De acuerdo con las estimaciones oficiales, el período de mayor aporte de agua se produciría durante diciembre y enero, cuando avance el deshielo de la nieve acumulada durante el invierno.

El escenario resulta especialmente significativo porque la provincia viene atravesando varios años de bajos aportes hídricos.

Más agua para almacenar

El río San Juan tiene un derrame promedio anual cercano a los 2.000 hm³. Para esta temporada, las estimaciones conocidas hasta el momento proyectan un volumen de alrededor de 3.000 hm³, aunque los especialistas aclaran que la cifra dependerá de las condiciones térmicas durante el verano y de los próximos estudios de nieve.

Los embalses de Ullum, Punta Negra y Caracoles todavía cuentan con espacio disponible para almacenar nuevos aportes.

La intención de las autoridades es aprovechar el escenario favorable para recuperar reservas y contar con una mayor disponibilidad de agua cuando regresen los períodos de menor escurrimiento.

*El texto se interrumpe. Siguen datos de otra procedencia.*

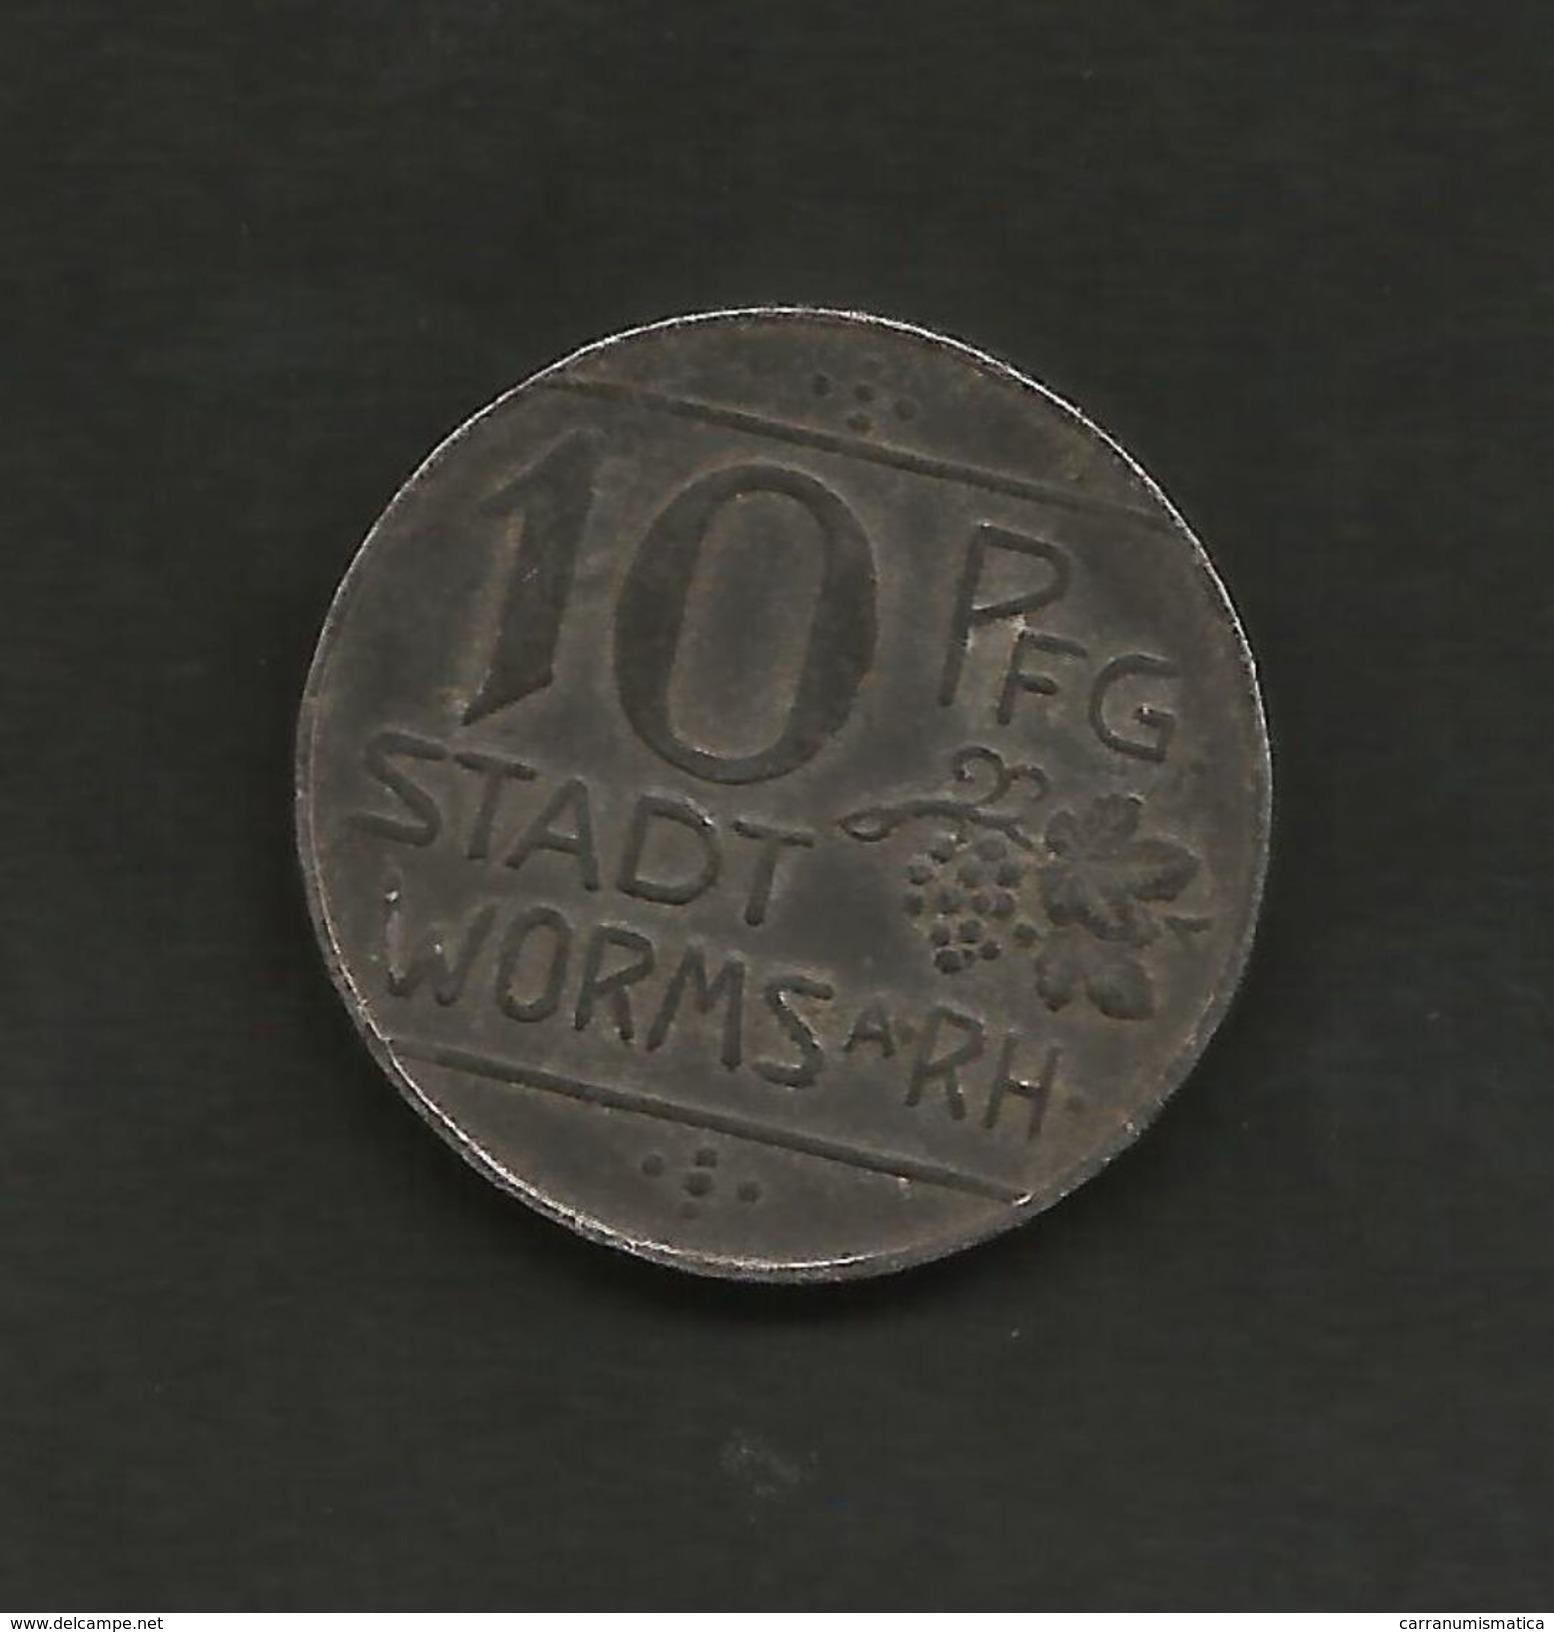 DEUTSCHLAND / GERMANY - NOTGELD - Stadt WORMS - 10 Pfennig (1918) Zink / Zinc / Zinco - Monetari/ Di Necessità

Una administración que deberá ser cuidadosa

La llegada de mayores caudales también implica un desafío para el sistema hídrico provincial. El agua no ingresará de manera repentina a los embalses, sino que deberá ser administrada técnicamente mediante el control de los niveles de las presas y desembalses programados.

La planificación será fundamental para garantizar que el recurso pueda ser aprovechado tanto para las actividades productivas como para la generación de energía.

Los embalses cumplen además un papel estratégico para la agricultura sanjuanina, especialmente durante la primavera y el verano, cuando aumenta la demanda de agua para los cultivos.

La cordillera marcará el ritmo

Los especialistas prevén que durante noviembre comenzará a registrarse un incremento importante de los caudales. El período de mayor aporte se espera para diciembre y enero.

Sin embargo, las temperaturas serán determinantes. Un verano más frío podría retrasar o reducir el escurrimiento, mientras que condiciones normales permitirían que los embalses avancen hacia sus máximos niveles.

Después de años de preocupación por la disponibilidad del recurso, San Juan enfrenta ahora un desafío diferente: administrar correctamente una temporada que podría traer una abundancia de agua que la provincia no registra desde hace años.

Para los sectores productivos y para el sistema hídrico provincial, la recuperación de reservas podría convertirse en una oportunidad para fortalecer la planificación y afrontar con mayor respaldo los próximos períodos de sequía.